Friday, February 6, 2009

"Whoopie! . . . Whoopie! . . . Whoopie!"

Tower Defense (or TD) is a subset of strategy video games. Where most tactical games would have you ordering units around on a map, TD instead asks you to place different kinds of towers - then throws waves of enemies at you to see if your towers can effectively wipe them out.

The purest expression of tower defense gameplay is the free flash game Desktop Tower Defense.

The idea of laying out towers and watching them shoot at enemies, just so you can process this data and figure out even better ways to lay out towers next time, may not sound all that "fun." But if you are a person who likes machines, who's mind siezes on complex problems that need solving, who has a very "systemic" way of thnking . . . and I pause here to rephrase that as "But if you are Sam" . . . then these games represent less of a "recreation" and more of a "danger to your health and productivity."
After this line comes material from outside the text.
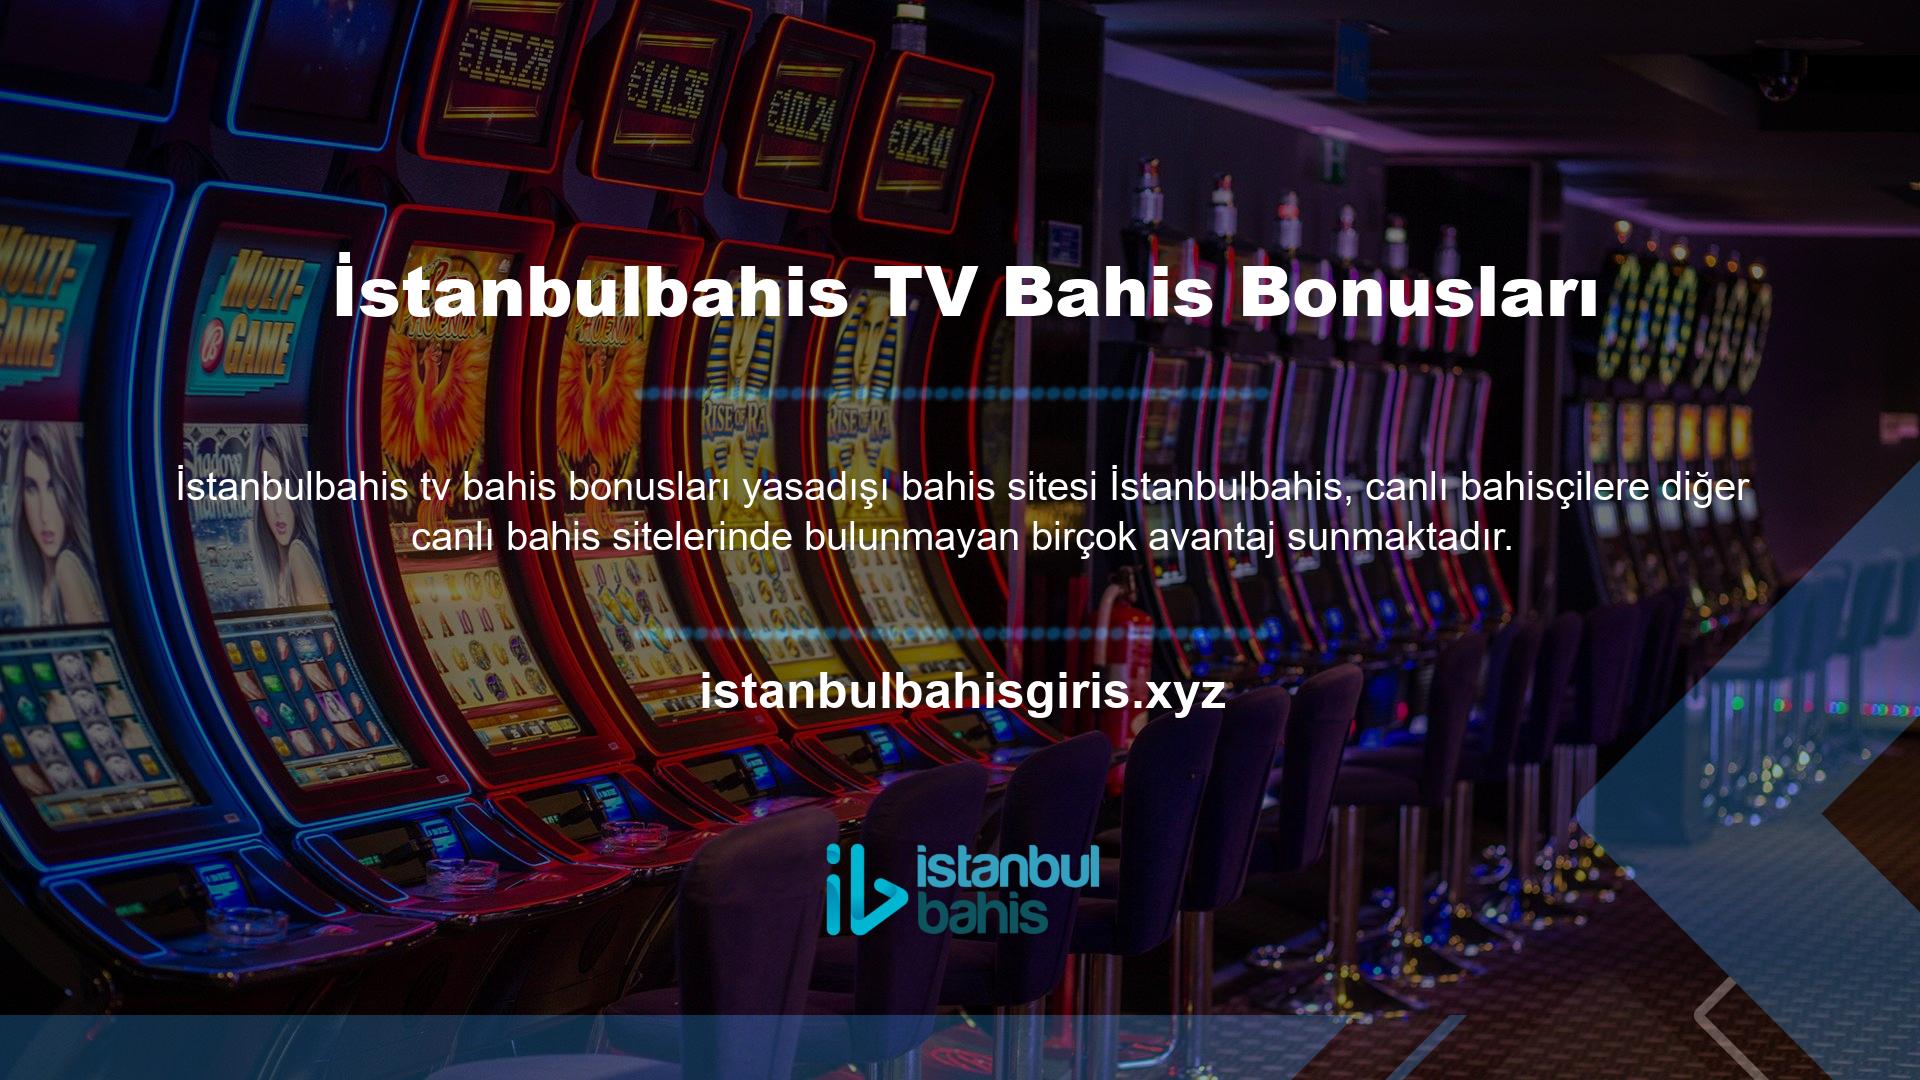 İstanbulbahis TV Bahis Bonus TV'si, oyuncuların maçları canlı izlemeleri ve kuponları görmeleri için başvurulacak platformdur

Like Double-Stuff Mint Oreos, I often suspect that the Tower Defense genre was created by the Universe as a way to keep me, personally, in check. Like a well-placed frost tower, these games slow my progress so I can be more effectively dealt with.*

And I guess it's working, because between Savage Moon:



And "Ninjatown"



Tower Defense games seem to be about all I'm playing lately.

*I wonder if the designers who work on pedestrian malls and other public areas enjoy TD games. Seems like a similar skillset, using the environment to control a horde. I like to imagine one of these people looking a map of a shopping mall's food court and thinking "We're getting too many people bunched up at the entrance, I'll have to install some Cannon Towe . . . I mean some railings.